What you return should be the lines from the one with "金字塔秘密不是外星人手笔也不是上一代文明遗迹" through the one with "McCulloch 532 43" in the data below, reproduced exactly with both ends, and no pictures at all.

[Record extracts]
━━━━━━━━━━━━━━━━━━━━

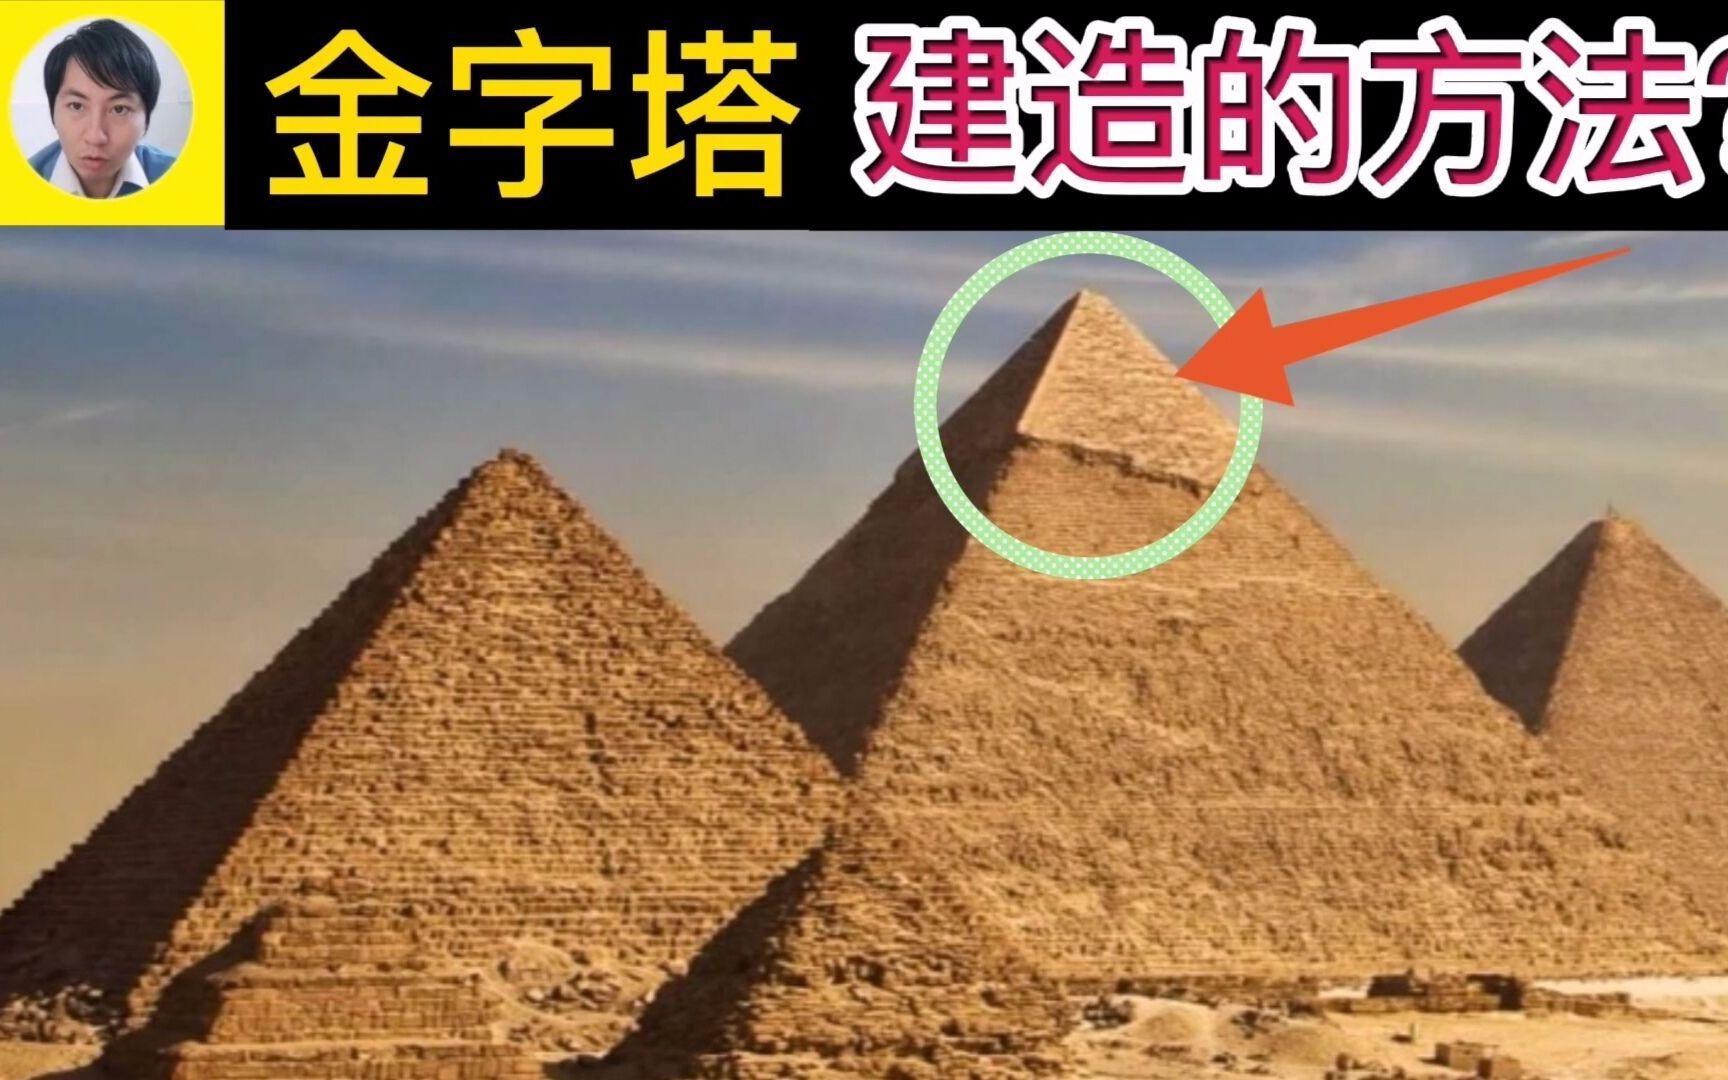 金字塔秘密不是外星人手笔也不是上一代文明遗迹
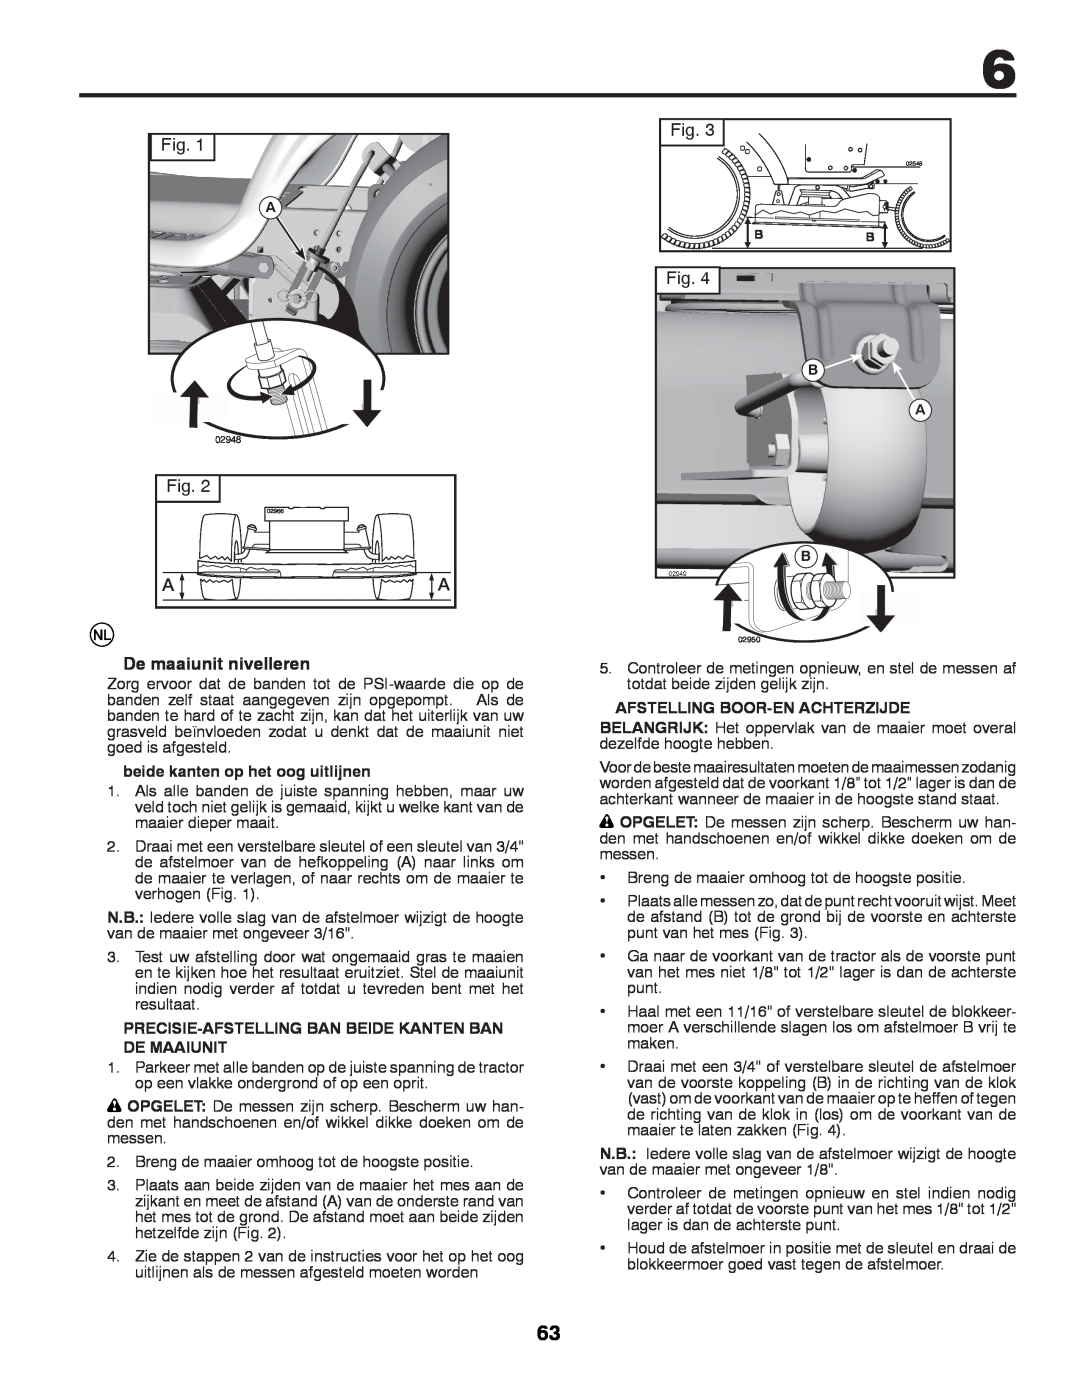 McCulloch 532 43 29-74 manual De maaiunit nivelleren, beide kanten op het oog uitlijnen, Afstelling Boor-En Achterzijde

━━━━━━━━━━━━━━━━━━━━

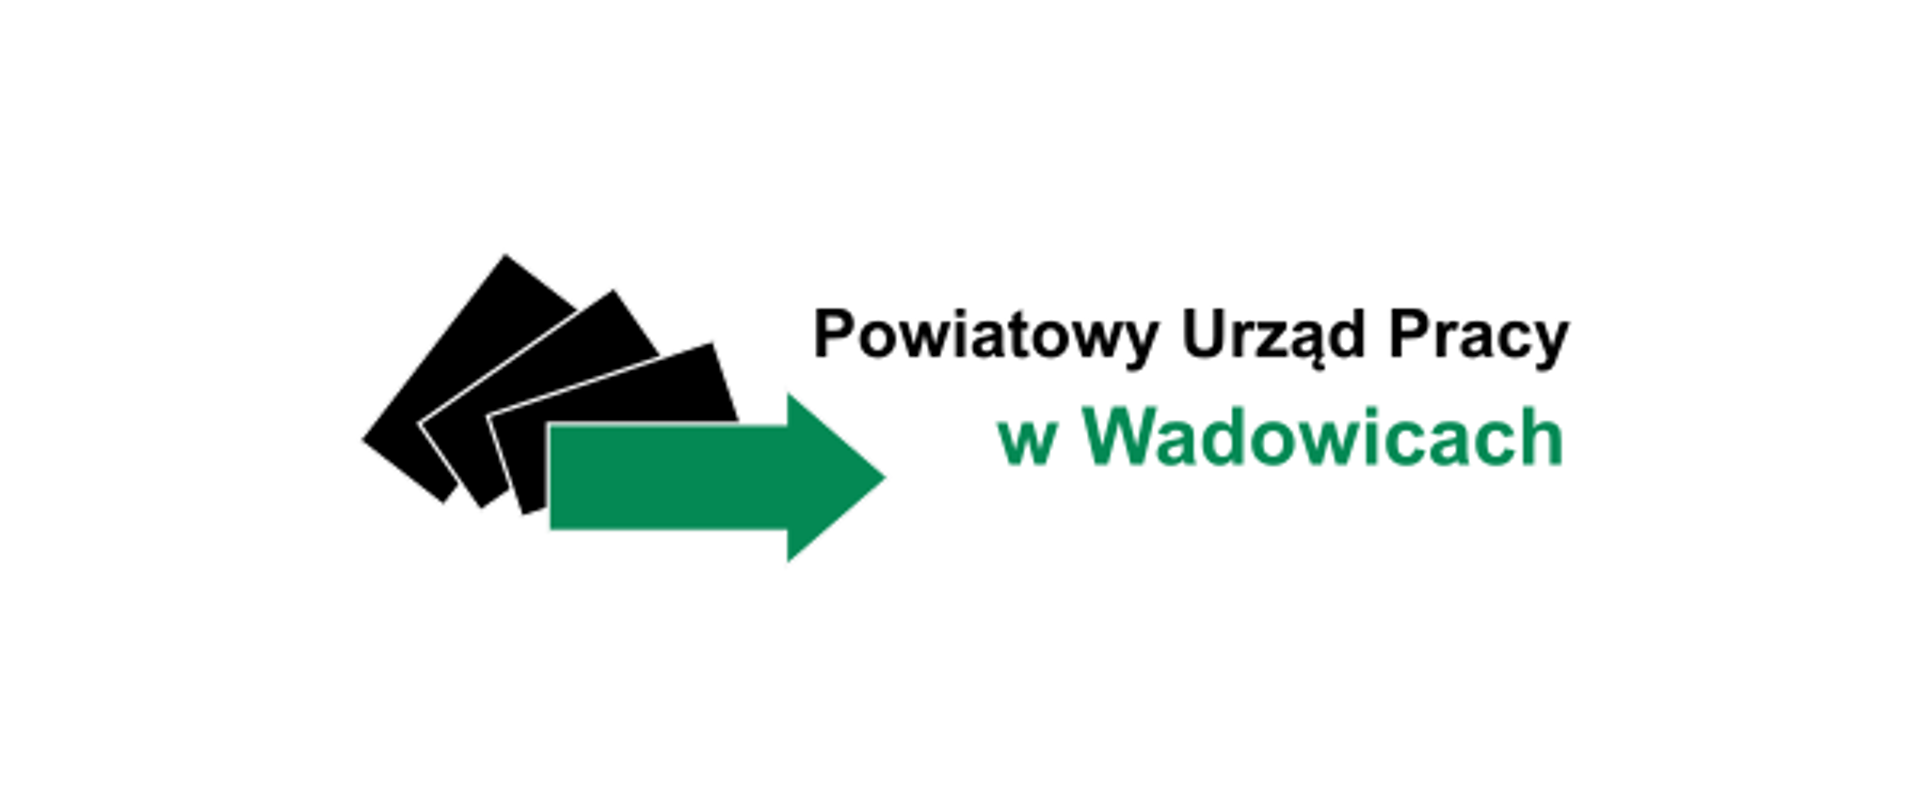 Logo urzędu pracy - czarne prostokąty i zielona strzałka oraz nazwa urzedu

━━━━━━━━━━━━━━━━━━━━

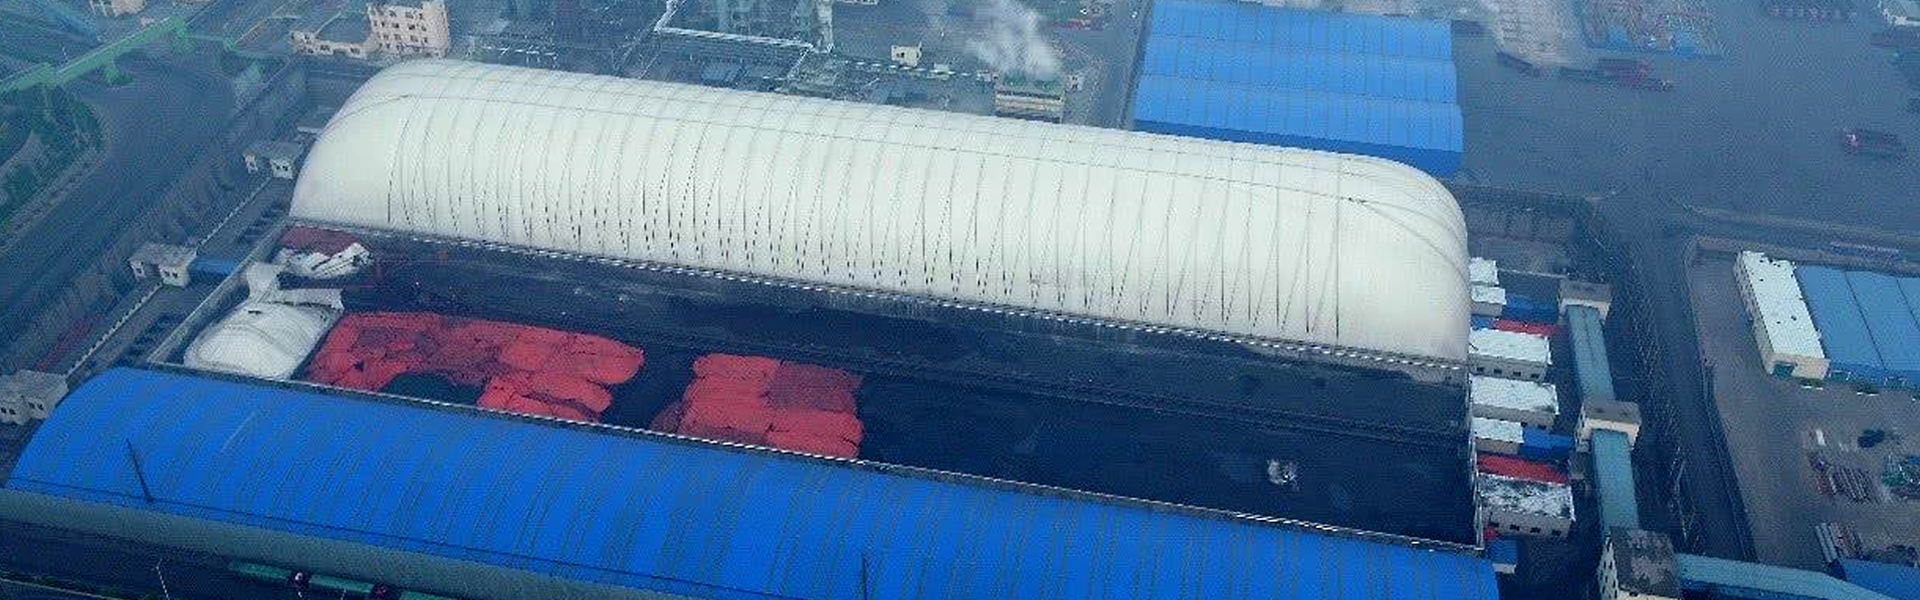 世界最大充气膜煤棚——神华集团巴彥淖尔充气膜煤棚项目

━━━━━━━━━━━━━━━━━━━━

[Completed exercise]
 金字塔秘密不是外星人手笔也不是上一代文明遗迹
 McCulloch 532 43 29-74 manual De maaiunit nivelleren, beide kanten op het oog uitlijnen, Afstelling Boor-En Achterzijde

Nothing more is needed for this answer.